The Hooters

Sample this concert
  1. 1Day By Day04:09
  2. 2Hanging By A Heartbeat04:41
  3. 3She Comes In Colors04:02
  4. 4Don't Take The Car Out Tonight04:32
  5. 5Lucy In The Sky With Diamonds03:59
  6. 6Where Do The Children Go?05:45
  7. 7All You Zombies06:20
  8. 8Time After Time04:41
  9. 9Trouble In Paradise05:06
  10. 10Who's That Girl?02:49
  11. 11And We Danced05:11
Liner Notes

Eric Bazilian - vocals, guitars, mandolin, saxophone; Rob Hyman- vocals, keyboards; John Lilley - guitar; Andy King - bass; David Uosikkinen - drums

The Hooters were arguably one of the best rock bands to emerge from Philadelphia. Although their global success was limited to the first couple of albums and a few MTV video hits from 1984/85, The Hooters were hometown heroes in Philly (and their native Ardmore, PA), which peaked with an appearance at the U.S. version of Live Aid.

This show, recorded for the King Biscuit Flower Hour on Halloween 1985, came three months after the band's historic Live Aid appearance.
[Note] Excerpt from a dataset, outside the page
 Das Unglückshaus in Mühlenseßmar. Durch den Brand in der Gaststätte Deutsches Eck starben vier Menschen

This show was essentially a replay of the band's breakthrough LP on Columbia Records, which featured the Top 10 hit, "All You Zombies."
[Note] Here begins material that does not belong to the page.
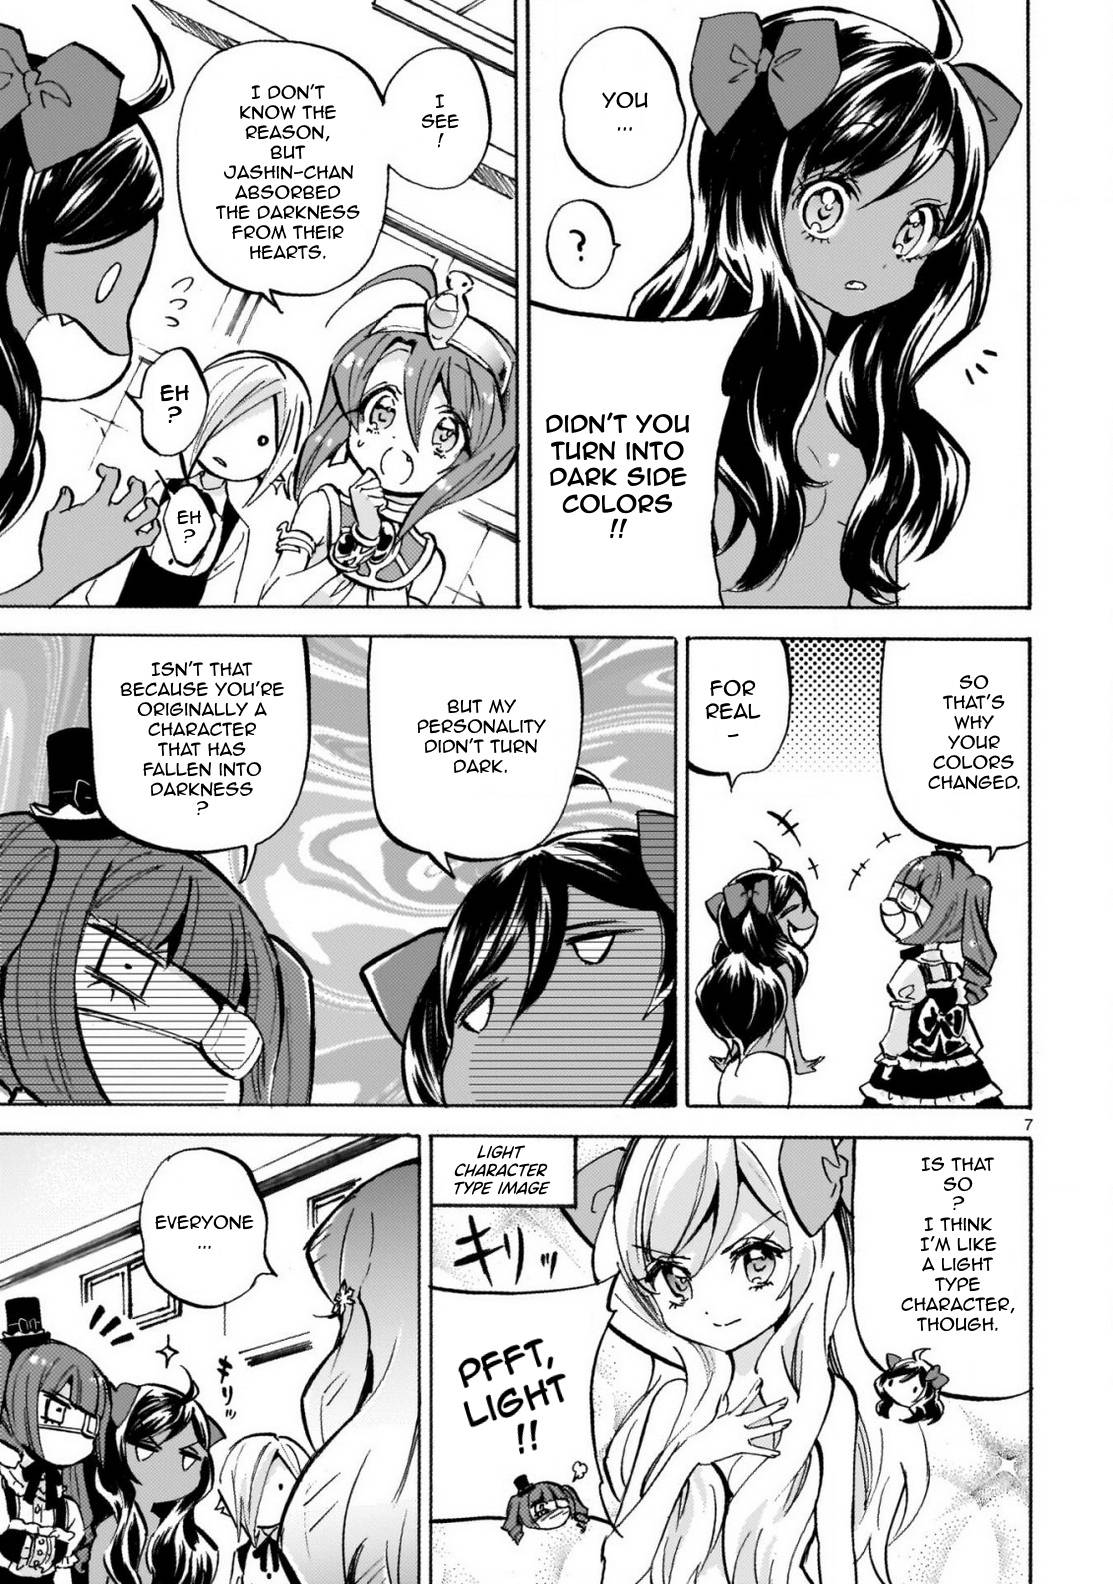 Jashin-chan Dropkick chapter 239 page 7

"Day By Day" opens the show with the energy of a locomotive, and slides comfortably into "Hanging By A Heartbeat." "She Comes In Colors" and "Don't Take The Car Out Tonight" lead into the band's innovative cover of The Beatles classic, "Lucy In The Sky With Diamonds."
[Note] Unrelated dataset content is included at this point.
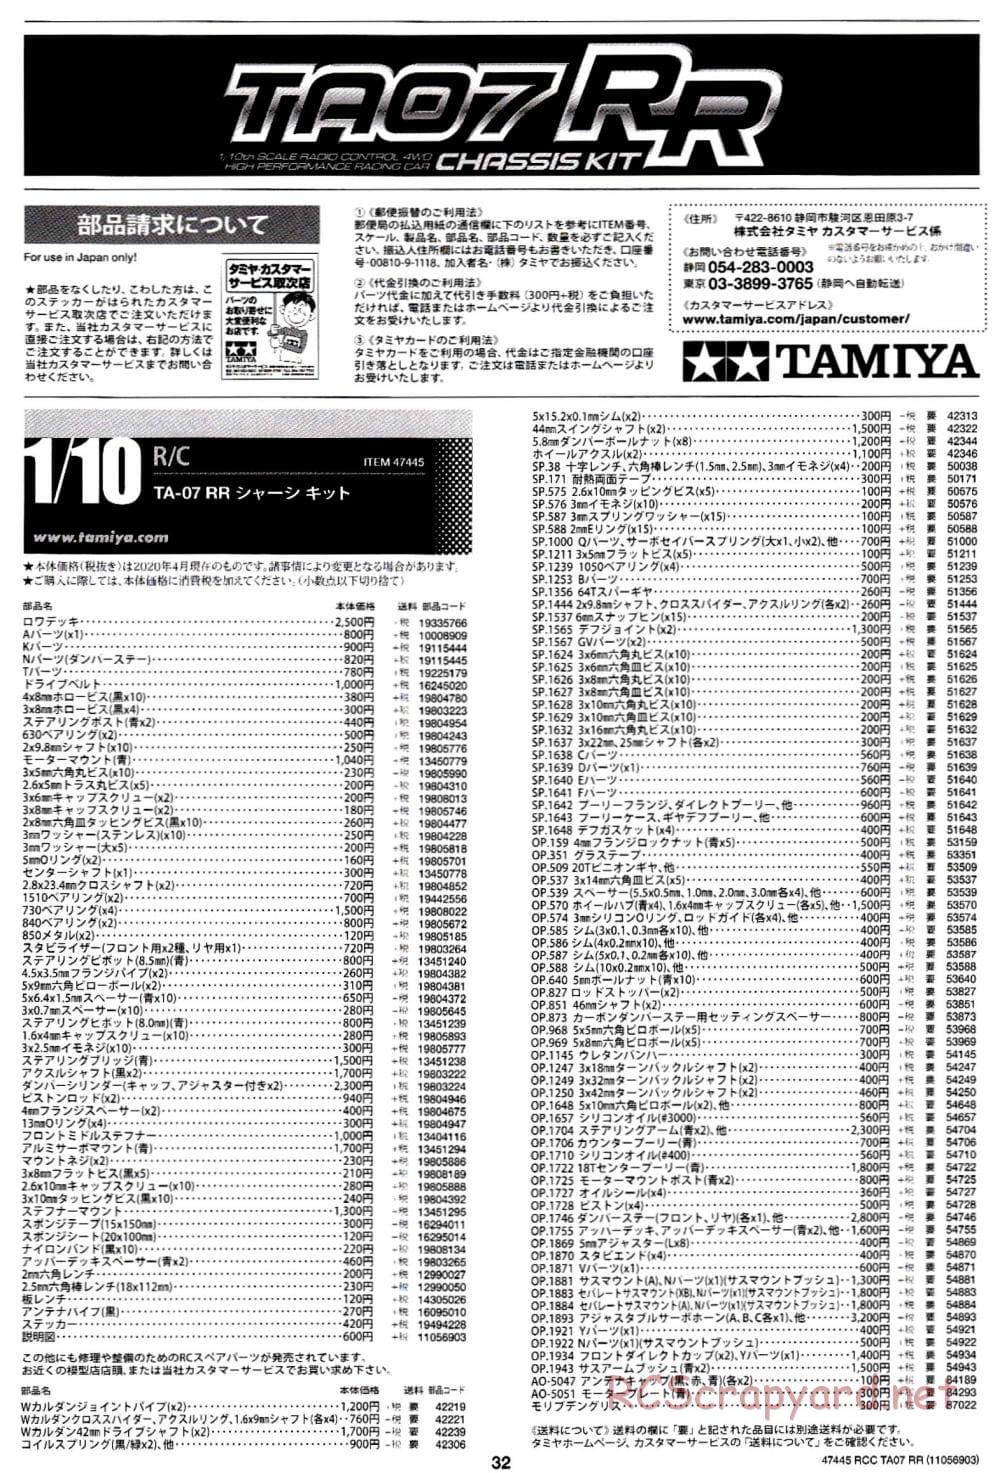 Tamiya - TA07 RR Chassis - Manual - Page 32

"Where Do The Children Go?," a compelling ballad rumored to have been written about the deadly government raid on the Move compound (a radical African-American sect that had been operating in Philadelphia) is a highpoint of the show.

"All You Zombies," the funk-reggae song that was an MTV and radio hit when this show was taped, is next, followed by the band's own version of "Time After Time," the ballad they wrote for Cyndi Lauper, which she turned into a hugely successful song. They close with "And We Danced," the follow-up hit to "All You Zombies."

The Hooters morphed from another popular Philly based band, Baby Grand, which also featured Bazilian and Hyman. The Hooters never matched the success they saw between 1984 and 1986, and ended up splitting up in the late 1990s, reforming in 2007. They have resumed touring, focusing on markets such as Europe and Japan.